Galactic North by Alastair Reynolds: A collection of short stories. Generally, I try to stay away from short stories because I feel the characters do not have time to develop and neither does the story. This one however has a continuous feel across stories and is worth reading if you liked Revelation Space.


Eifelheim by Michael Flynn: Another Hugo nominee (I think). Not too bad it you'd rather have the story wander off into a medieval village setting during the time of the Black Death. Certainly not in the same league as the Sci-Fi masters.

Liar's Poker by Michael Lewis: This is not sci-fi at all. It's a 20 year old book about an Investment bank - the infamous Salomon brothers. They say history repeats itself. Just replace Salomon Brothers with Lehman Brothers and add a generous measure of greed and short sightedness. This is a very funny book considering what the book is all about. Well worth the read.

Spin by Robert Charles Wilson: Here's one I tried reading but just couldn't get myself to finish it. For a Hugo award nominee this was a disastrous read.

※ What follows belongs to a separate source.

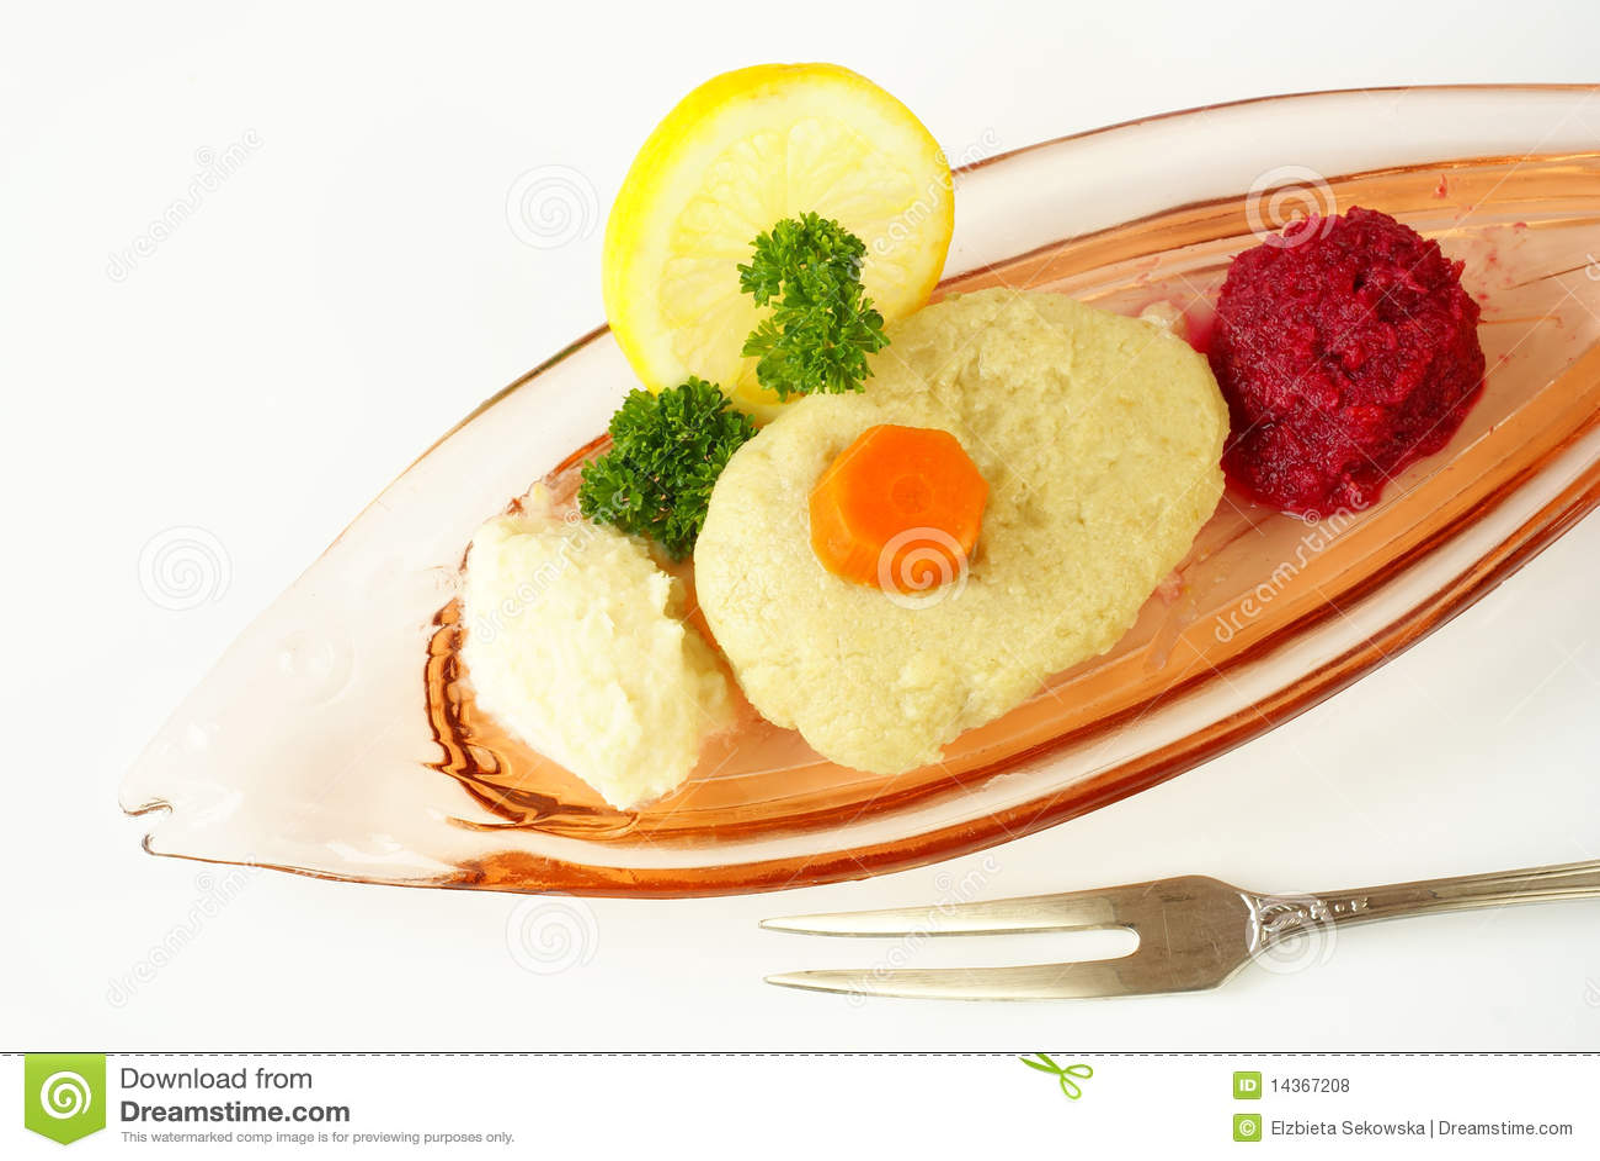 Gefilte fish royalty free stock photos image 14367208 for Jewish fish dish
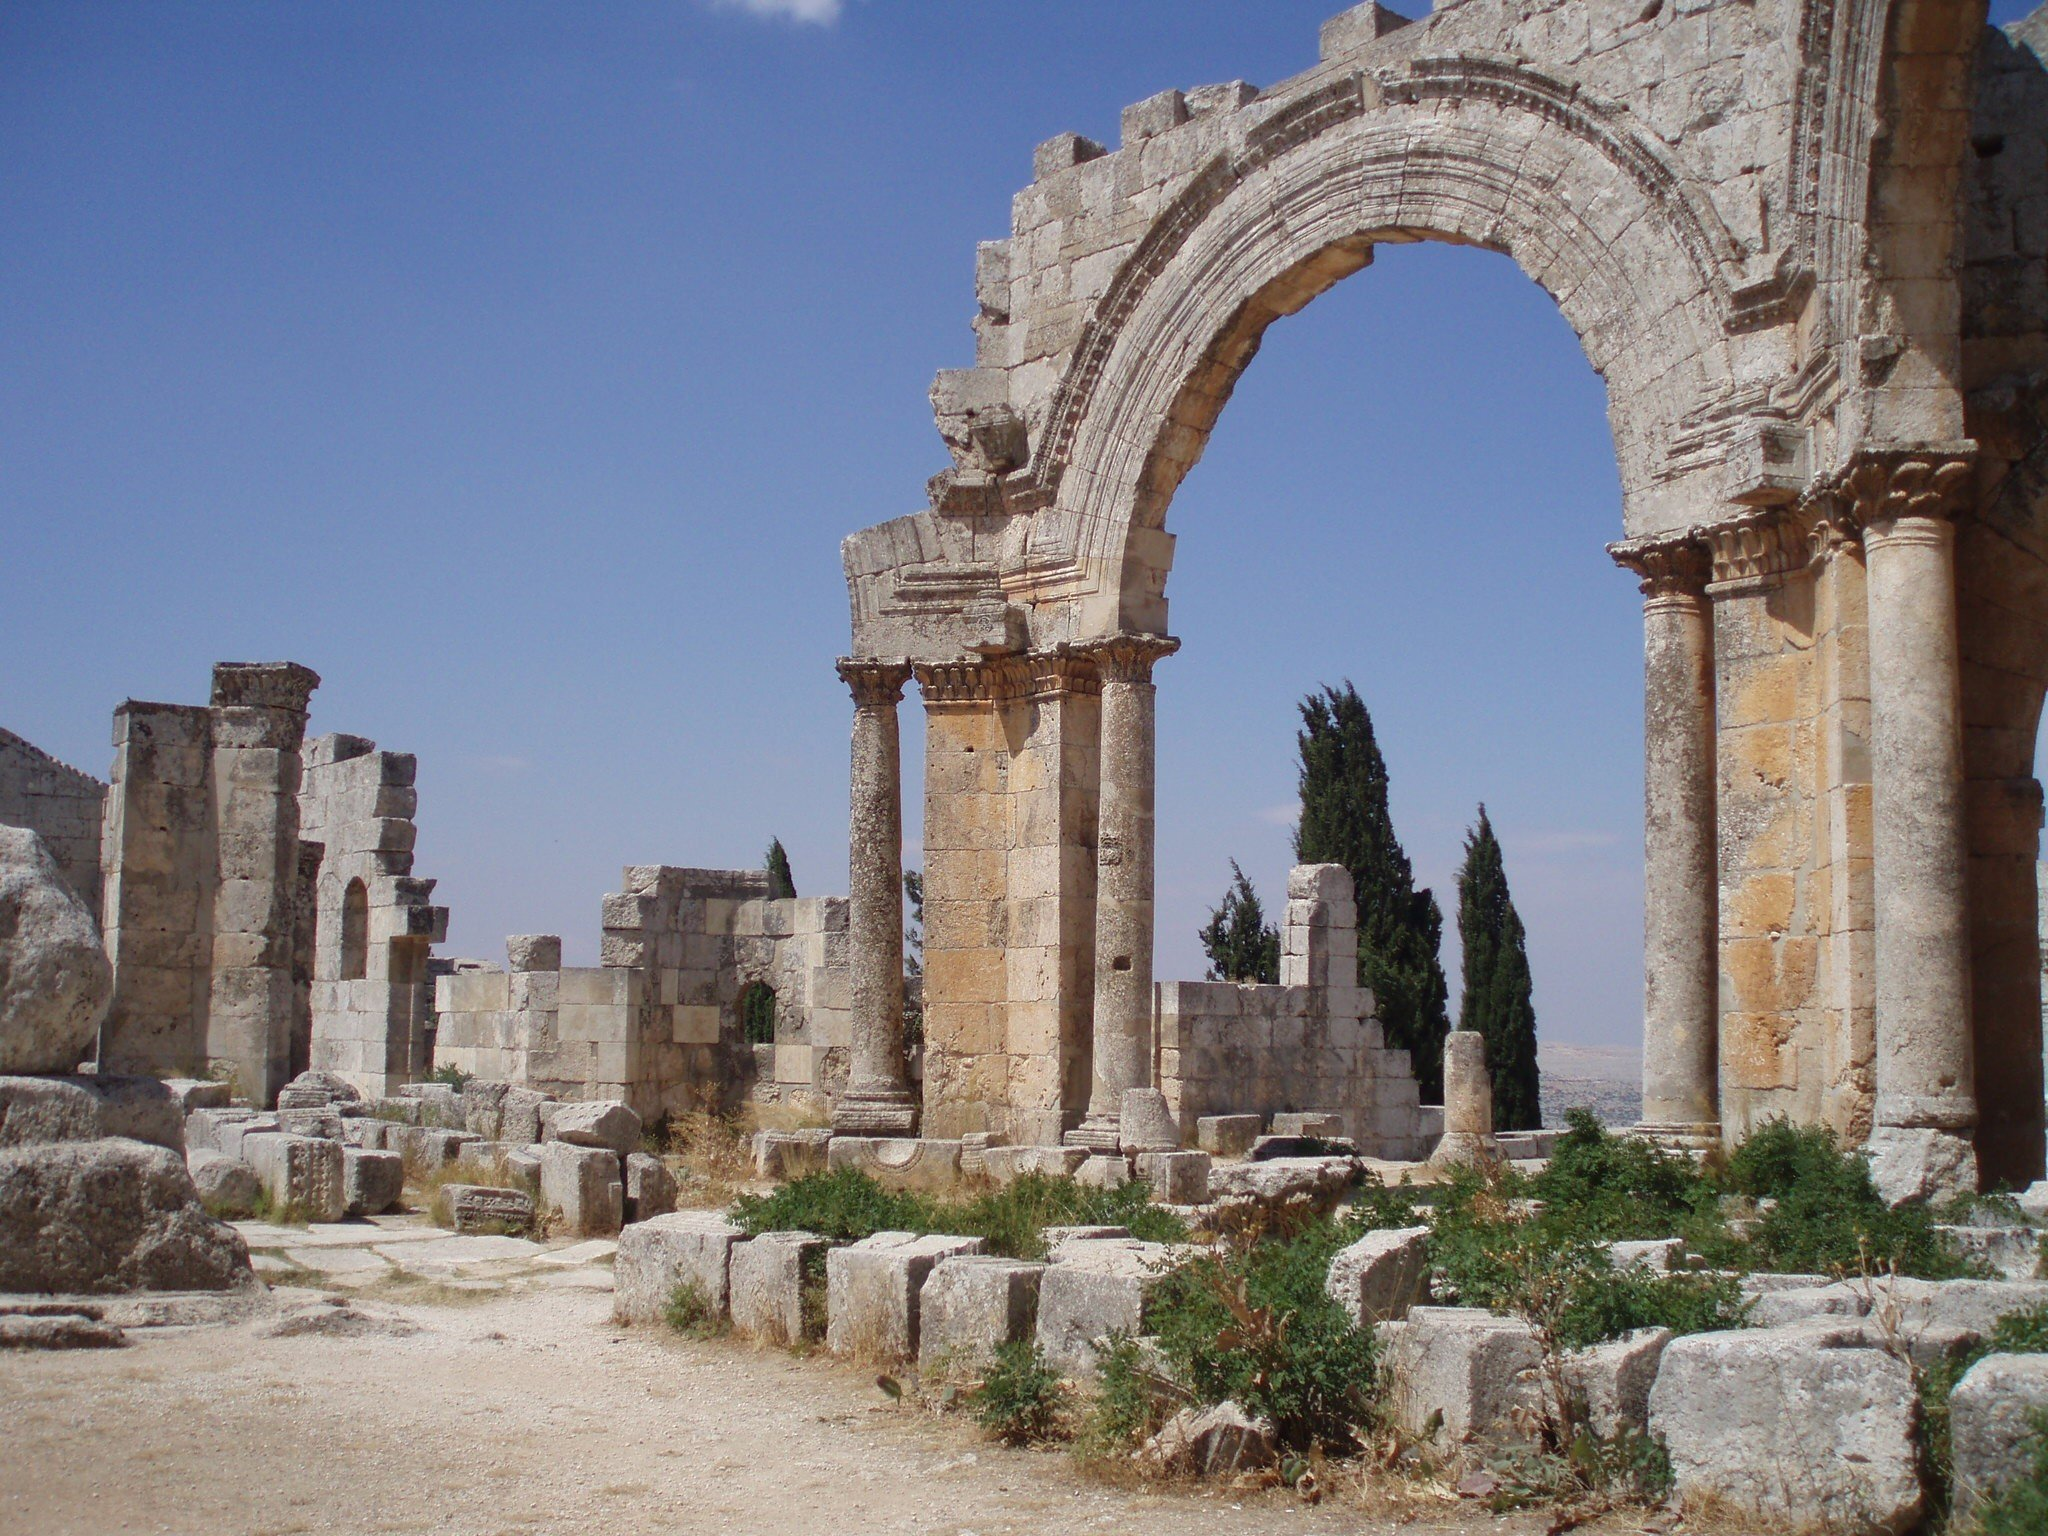 St Simeon's Basilica in Idlib in 2010 (Diana Darke)

Sunday, September 12, 2010

Hiking in Skyline Ridge Open Space Preserve

Skyline Ridge Open Space Preserve, is right next door to Russian Ridge off CA 35. This is perhaps one of the nicest hikes for beginners. Gentle slopes, good combination of shade and open trails, great view just a mile into the hike, a park bench and a pond (actually 2) at the end of the 1.5 mile Ipiwa trail.

Start from the Skyline parking lot and follow the Ipiwa trail, cross Old Page Mill road and you will reach Alpine Pond. There are many shorter walkways you can use to spend time around the pond. Then head back the same way to Skyline parking.